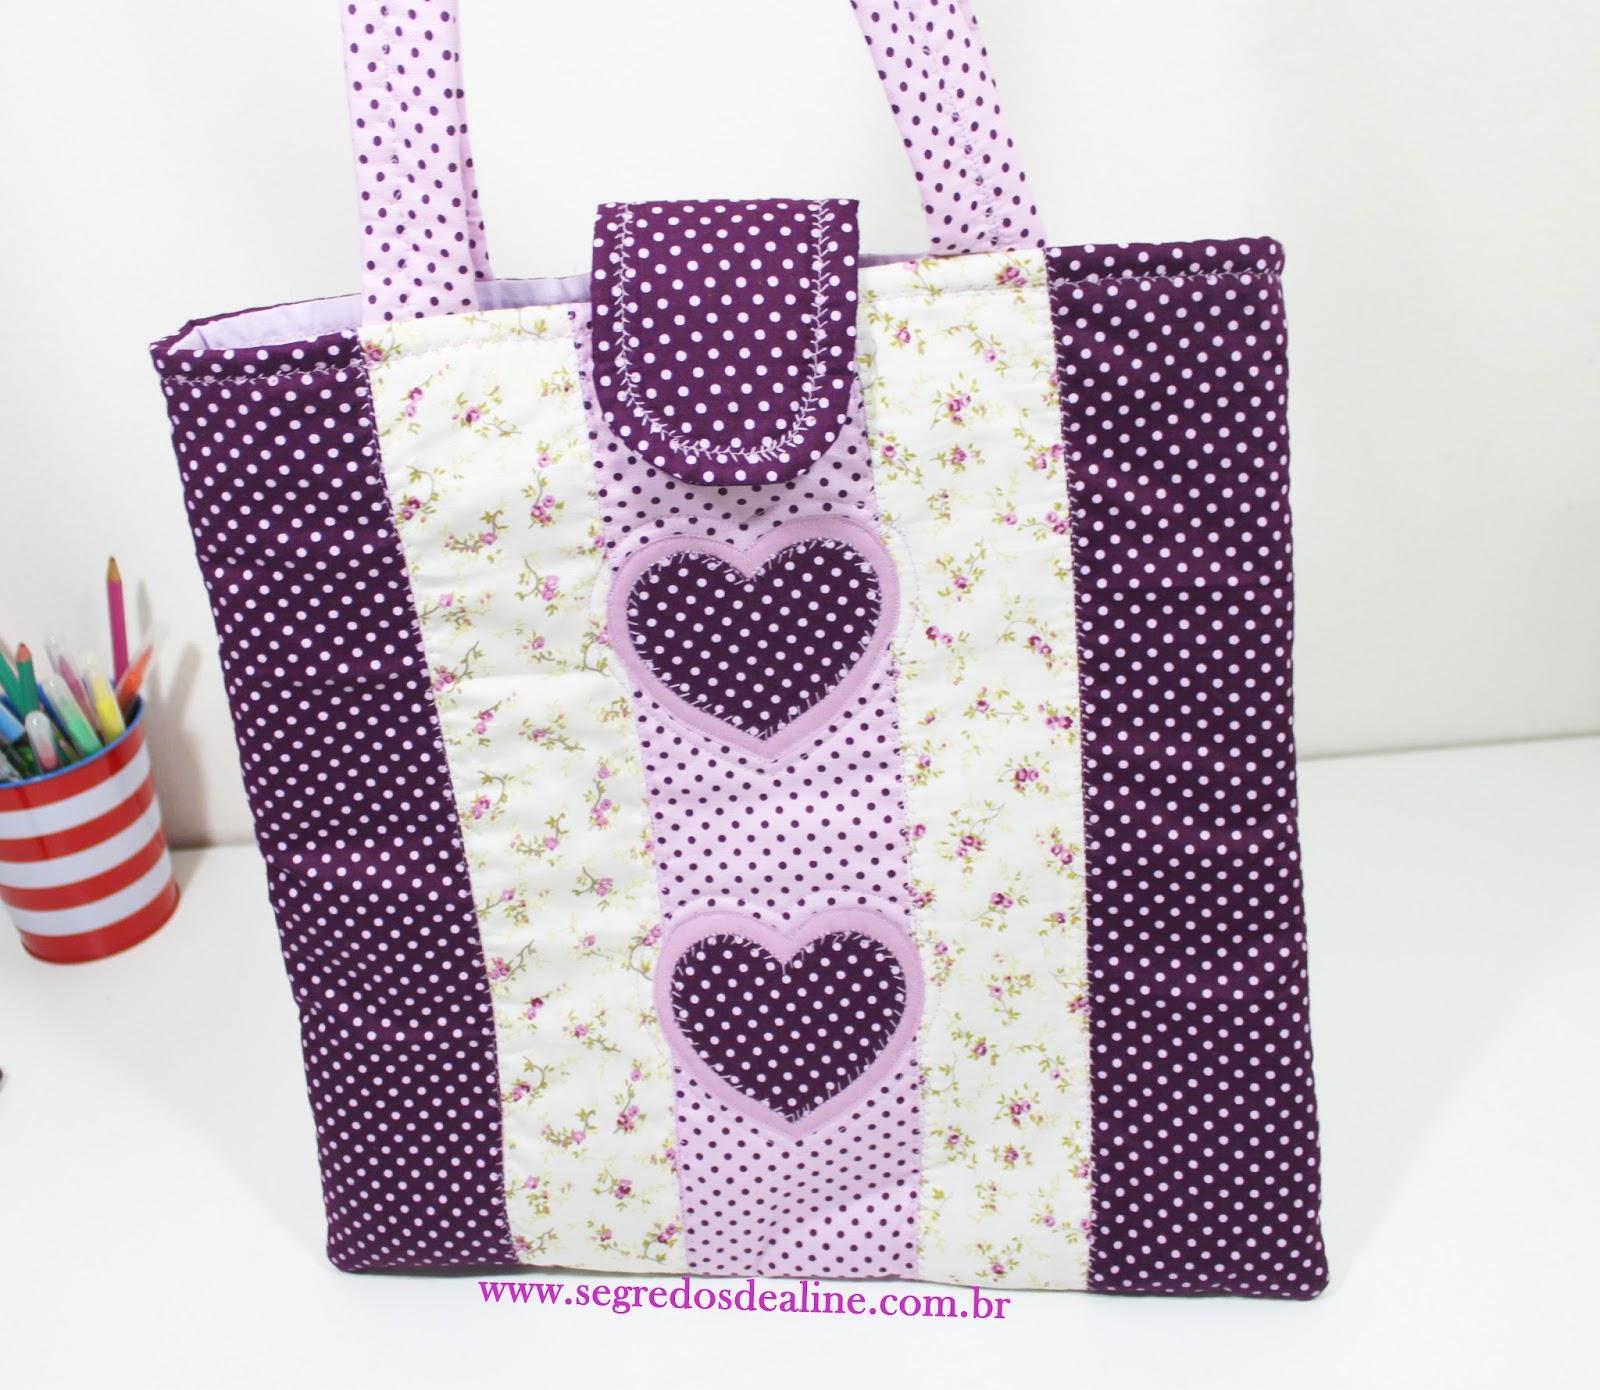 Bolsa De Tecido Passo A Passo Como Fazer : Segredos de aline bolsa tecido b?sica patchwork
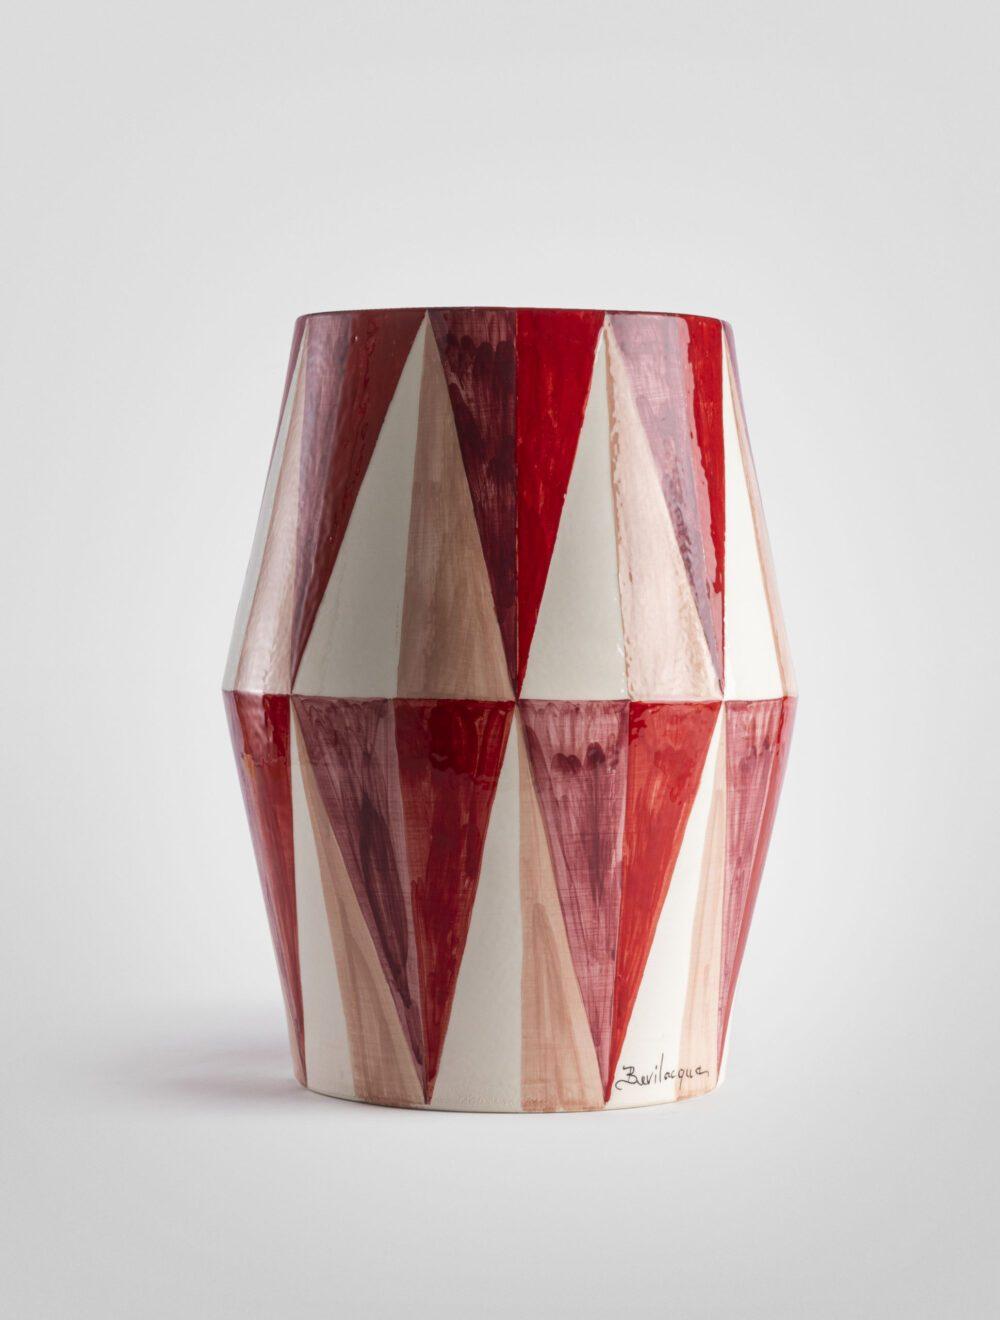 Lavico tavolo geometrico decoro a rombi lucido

□ □ □

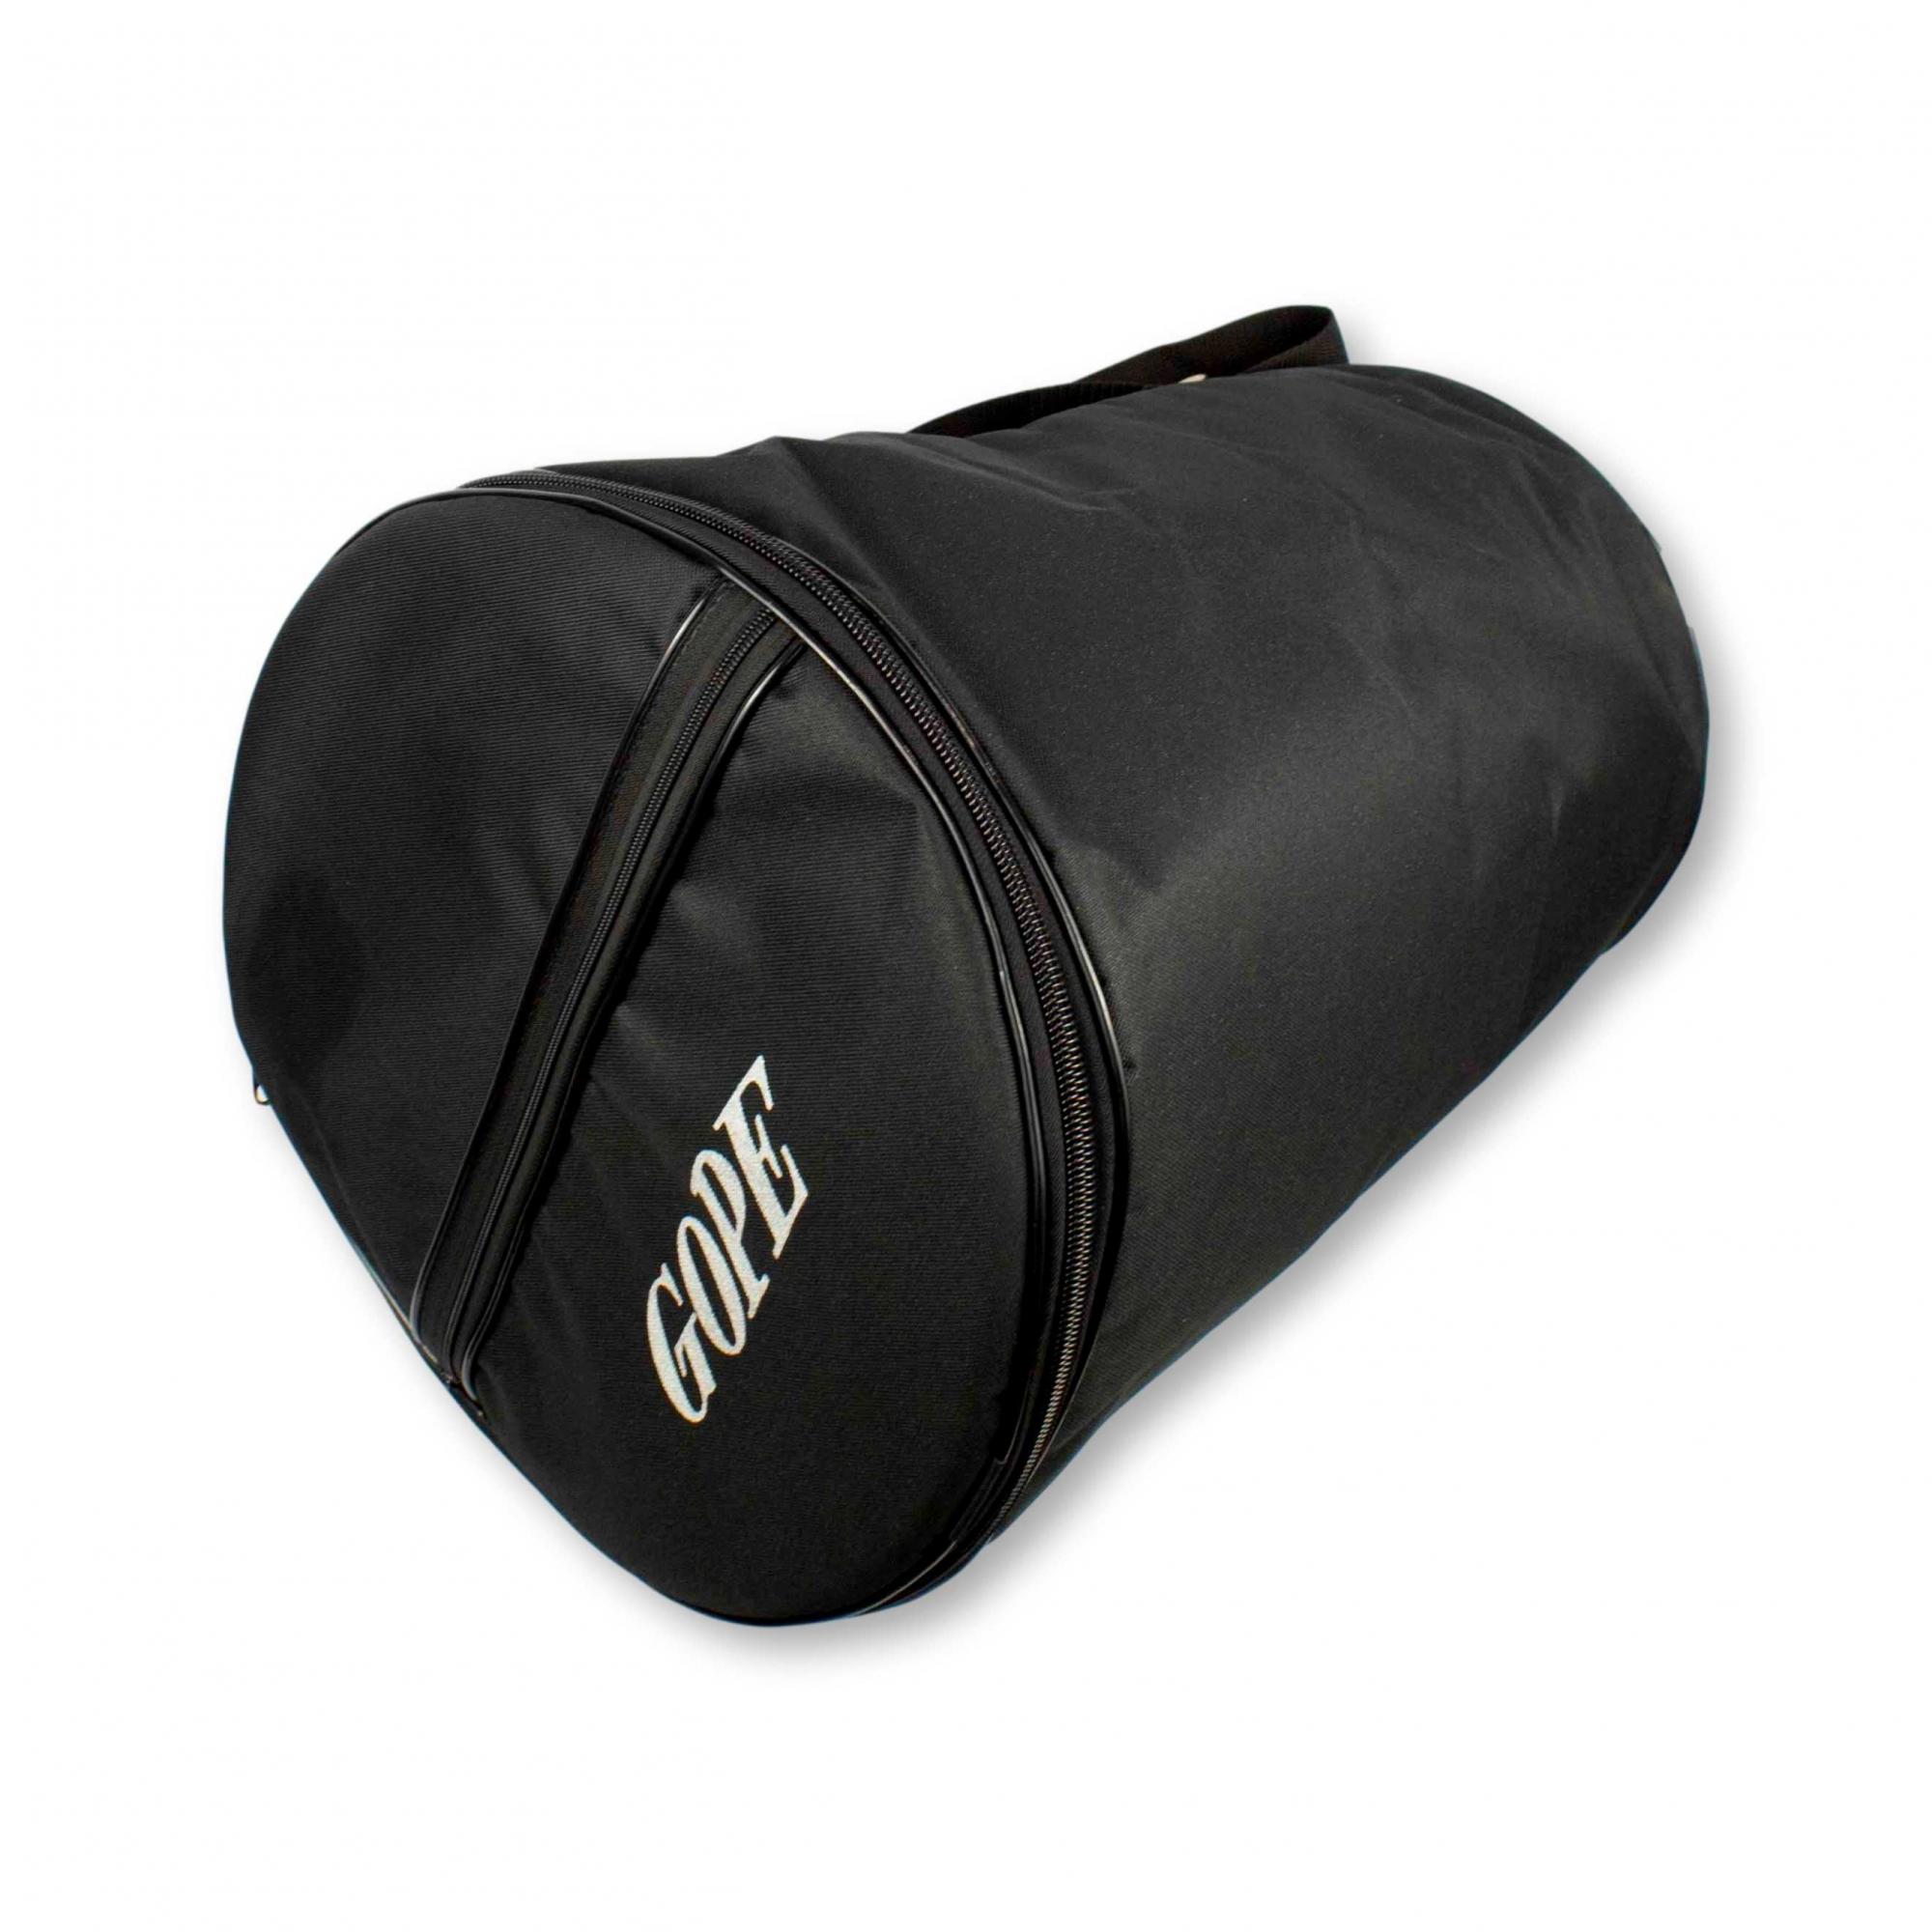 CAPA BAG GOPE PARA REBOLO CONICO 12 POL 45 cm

□ □ □

Only one stretch of the entries above is needed: the lines from the one containing "Bolsa De Tecido" through the one containing "Lavico tavolo geometrico". Copy it exactly, without the pictures.

▶ RESPONSE AREA
 Bolsa De Tecido Passo A Passo Como Fazer : Segredos de aline bolsa tecido b?sica patchwork
 Lavico tavolo geometrico decoro a rombi lucido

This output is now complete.